To ensure security parity between local development and production:
*   **Local Development:** Uses a **Double Proxy** pattern.
    *   **Frontend Proxy:** Forwards browser requests to the Next.js server.
    *   **Backend Proxy:** Authenticated tunnel that securely exposes the Cloud Run backend to the local frontend.
*   **Production:** Access is controlled via **Google Cloud IAM**. The Cloud Run services are deployed with `--no-allow-unauthenticated` (except for the frontend ingress where appropriate, or behind a Load Balancer).

### 3.2 Credential Isolation
*   **No Client-Side Secrets:** The Frontend **never** possesses API keys or Service Account credentials.
*   **Backend Identity:** The Backend runs as a specific **Service Account** (`financial-advisor-sa`).
*   **ADC:** The Backend uses **Application Default Credentials (ADC)** to authenticate with Vertex AI, Gemini, and Firestore.

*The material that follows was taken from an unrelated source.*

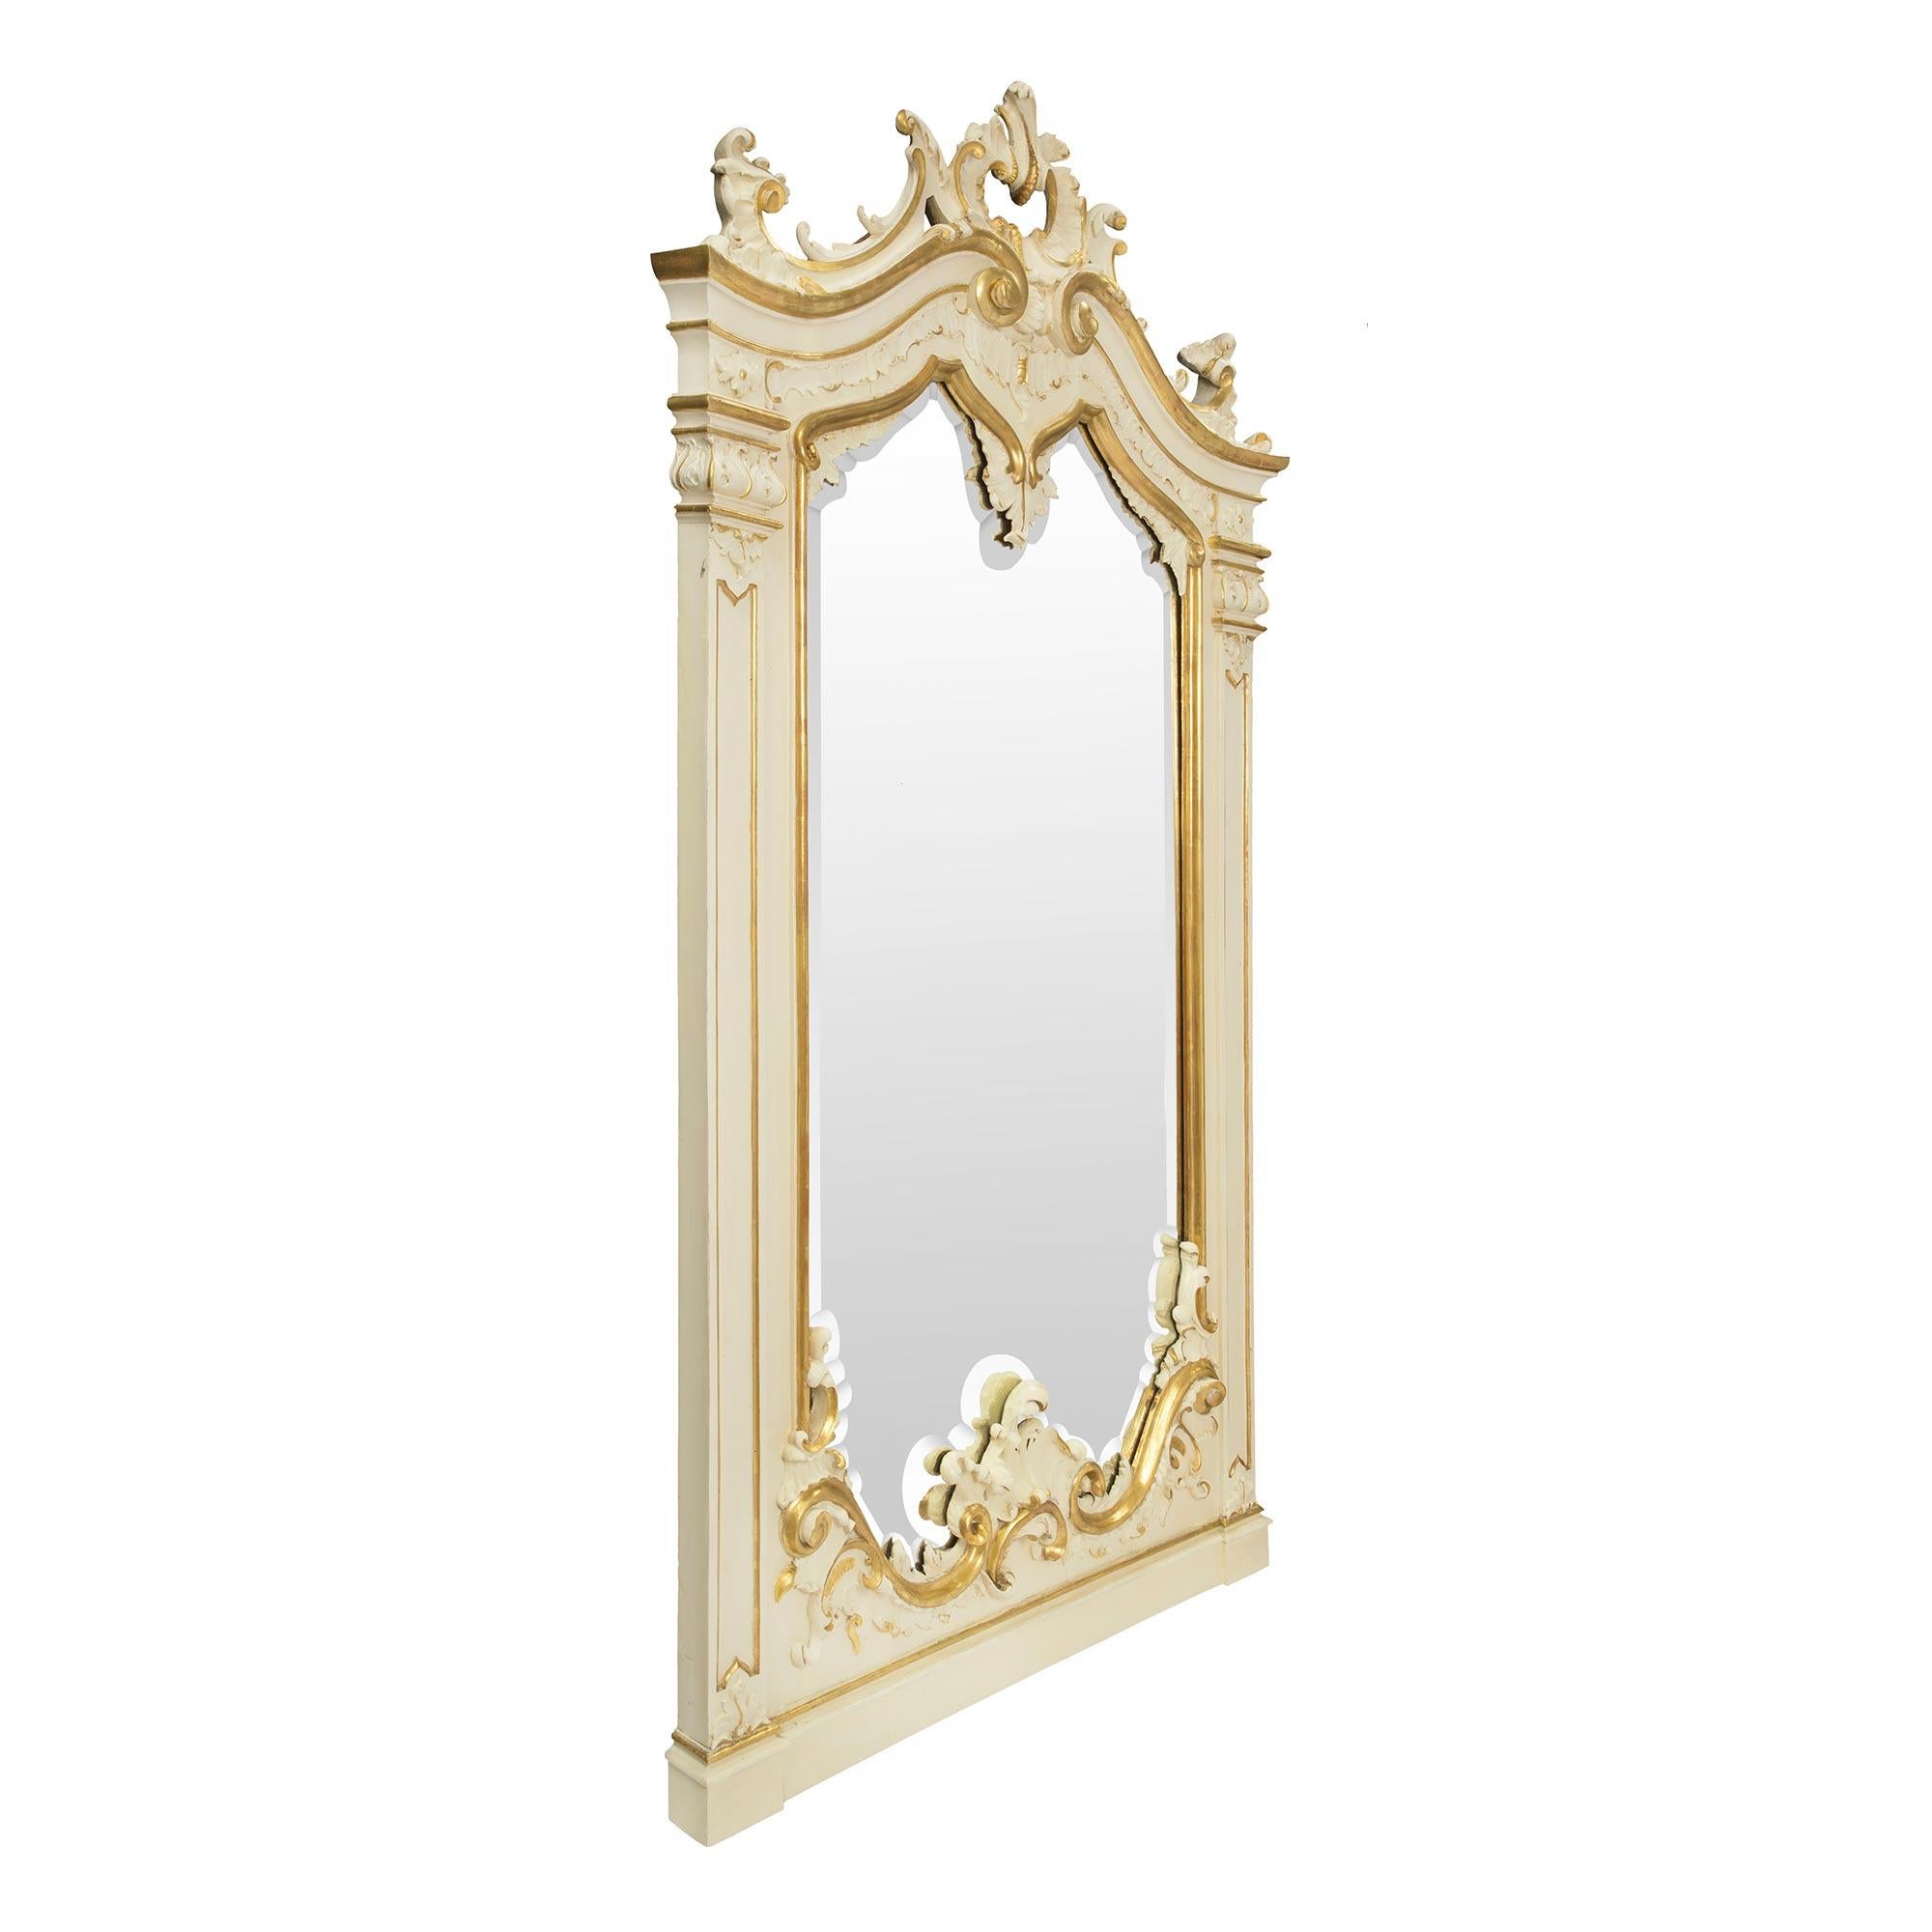 Un sensationnel et unique miroir vénitien patiné et doré italien du 19ème siècle. Le miroir présente une bande inférieure mouchetée avec une impressionnante gerbe de feuillages sculptés parmi des rinceaux en 'S' et 'C' dorés. Les deux panneaux

This eliminates the need for hardcoded keys in the source code.

## 4. Data & Audio Protocol

### 4.1 Audio Contract
The system adheres to a strict audio format required by the Gemini Live API:
*   **Sample Rate:** 16,000 Hz (16kHz)
*   **Bit Depth:** 16-bit
*   **Channels:** Mono (1 Channel)
*   **Format:** Linear PCM
*   **Endianness:** Little Endian

### 4.2 WebSocket Protocol
Messages are JSON objects.

**Client -> Server:**
*   **Audio:** `{ "realtime_input": { "media_chunks": [{ "mime_type": "audio/pcm", "data": "<base64>" }] } }` (Wrapped by ADK)
*   **Text:** `{ "client_content": { "turn_complete": true, "turns": [{"role": "user", "parts": [{"text": "Hello"}]}] } }`

**Server -> Client:**
*   **Audio:** Binary Frame (Raw PCM 16-bit).
*   **Control/UI:**
    ```json
    {
      "server_content": {
        "model_turn": {
           "parts": [ { "executable_code": { ... } } ] 
        }
      },
      "tool_response": { ... }
    }
    ```

## 5. Configuration Management

### 5.1 Strategy
Configuration is centralized and strictly typed:
*   **`taskfile.env`:** The single source of truth for environment variables (Project ID, Branding, Corpus ID).
*   **`src/backend/app_settings/settings.py`:** A Pydantic `BaseSettings` model that validates environment variables at startup.

### 5.2 Validation
The application **fails fast** on startup if critical configuration (like `VERTEX_AI__PROJECT_ID`) is missing, ensuring configuration integrity.

## 6. Deployment Strategy

### 6.1 Orchestration
All lifecycle commands are defined in `Taskfile.yaml`:
*   **Abstraction:** Developers run `task deploy:all` instead of complex `gcloud` commands.
*   **Consistency:** The Taskfile ensures that the same build args and flags are used every time.

### 6.2 Infrastructure
Defined in `Taskfile.yaml` (acting as Infrastructure-as-Code lite):
*   **Cloud Run:** Two services (`backend`, `frontend`).
*   **Firestore:** One database (`financial-advisor`).
*   **GCS:** One bucket for RAG documents.
*   **Vertex AI:** One Search App and Corpus.